Video: Rare footage of me trying to withdraw funds at my bank (no sound)

This is not a crisis of meaning. This is language functioning exactly as advertised.

Where the Trouble Actually Starts: Contestables

The LIH begins where these tidy examples stop being helpful. It concerns itself with Contestables: terms like truth, freedom, justice, fairness, harm, equality. Words that look stable, behave politely in sentences, and then detonate the moment you ask two people what they actually mean by them. These are not ambiguous in the casual sense.
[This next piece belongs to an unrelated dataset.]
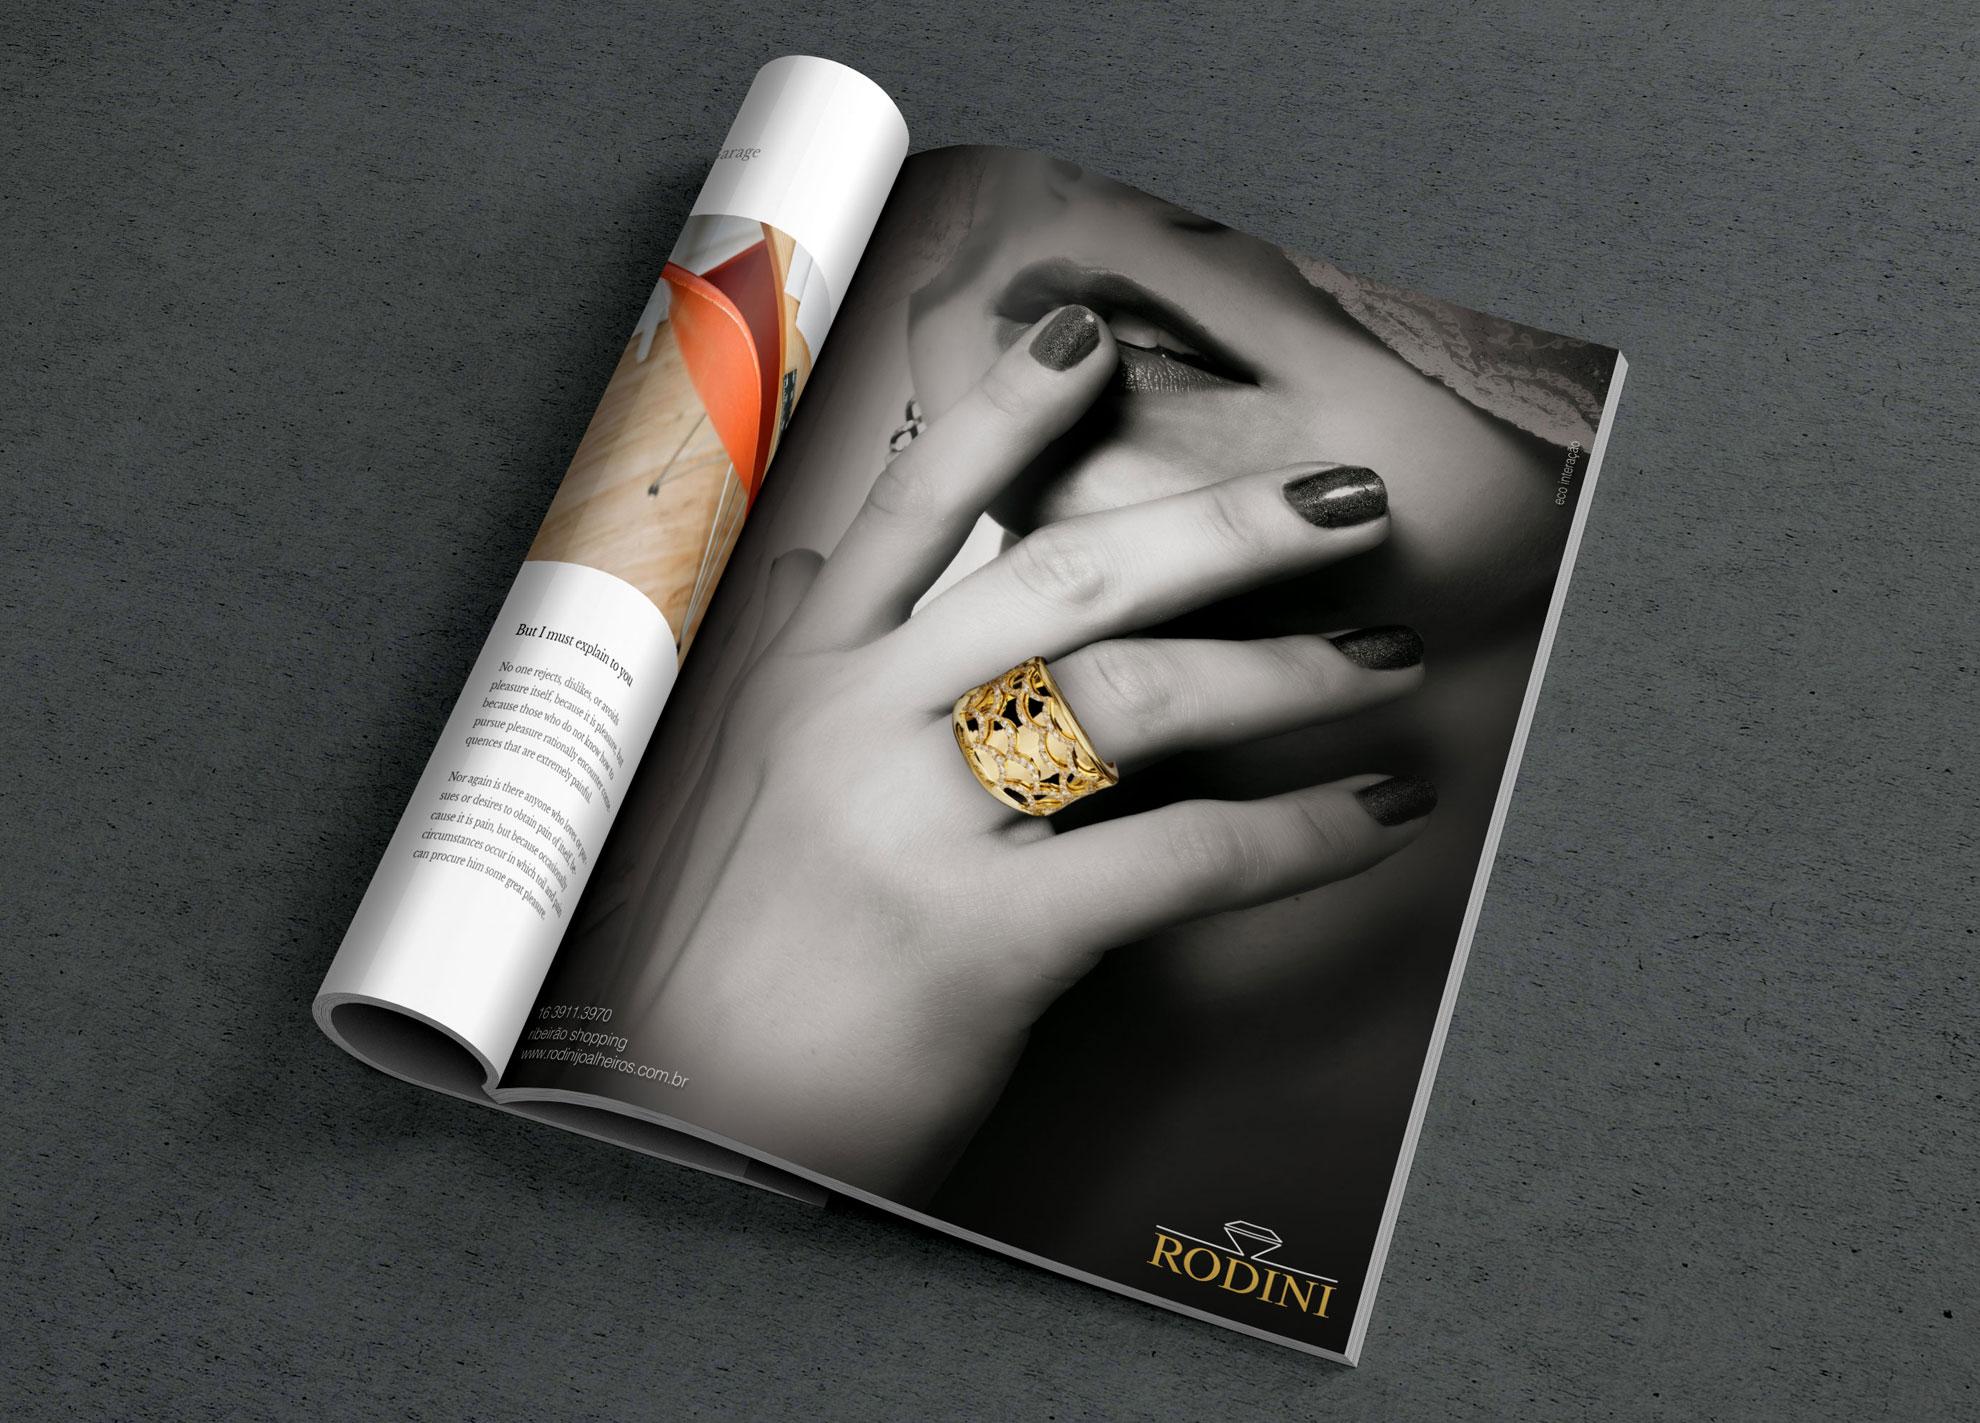 anuncio-rodini-joalheiros-revista-silencio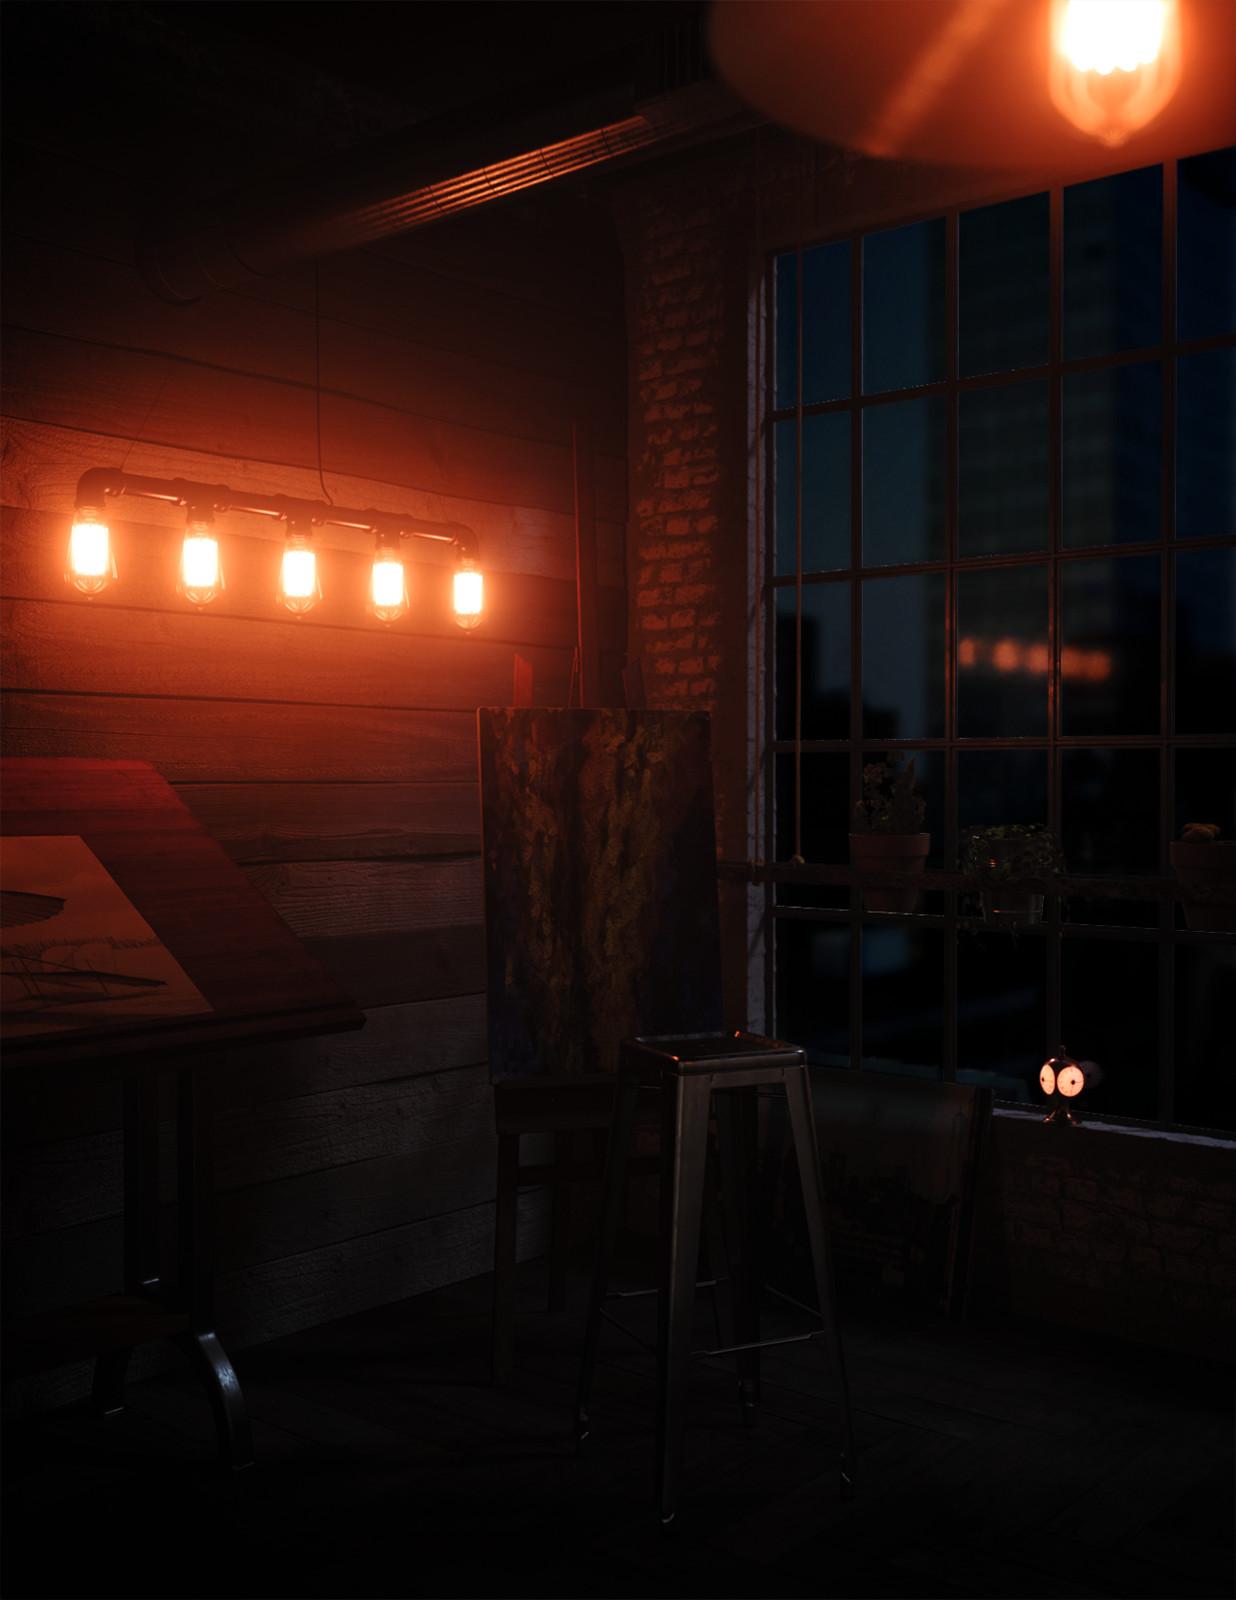 LightMix - Night

They are structurally contested.

In political, moral, and cultural contexts, different groups use the same word to gesture at fundamentally incompatible conceptual frameworks, all while assuming a shared understanding that does not exist. The conversation proceeds as if there were common ground, when in fact there is only overlap in spelling.

That’s why attempts to ‘define’ these terms so often collapse into accusation:

That’s not what freedom means.
That’s not real justice.
You’re redefining truth.

No, the definitions were never shared in the first place. The disagreement was smuggled in with the noun.

‘Just Ignore the Word’ Is Not a Rescue

A common response at this point is to suggest that we simply bypass the troublesome term and discuss the concrete features each party associates with it. Fine. Sensible. Often productive. But notice what this manoeuvre concedes. It does not save the term. It abandons it.

If meaningful discussion can only proceed once the word is set aside and replaced with a list of clarifications, constraints, examples, and exclusions, then the word has already failed at its primary job: conveying shared meaning. This is precisely the point the LIH is making.

The insufficiency is not that language is vague, or flexible, or context-sensitive. It’s that beyond a certain level of conceptual complexity, language becomes a confidence trick. It gives us the feeling of agreement without the substance, the appearance of communication without the transaction.

At that point, words don’t merely underperform. They mislead.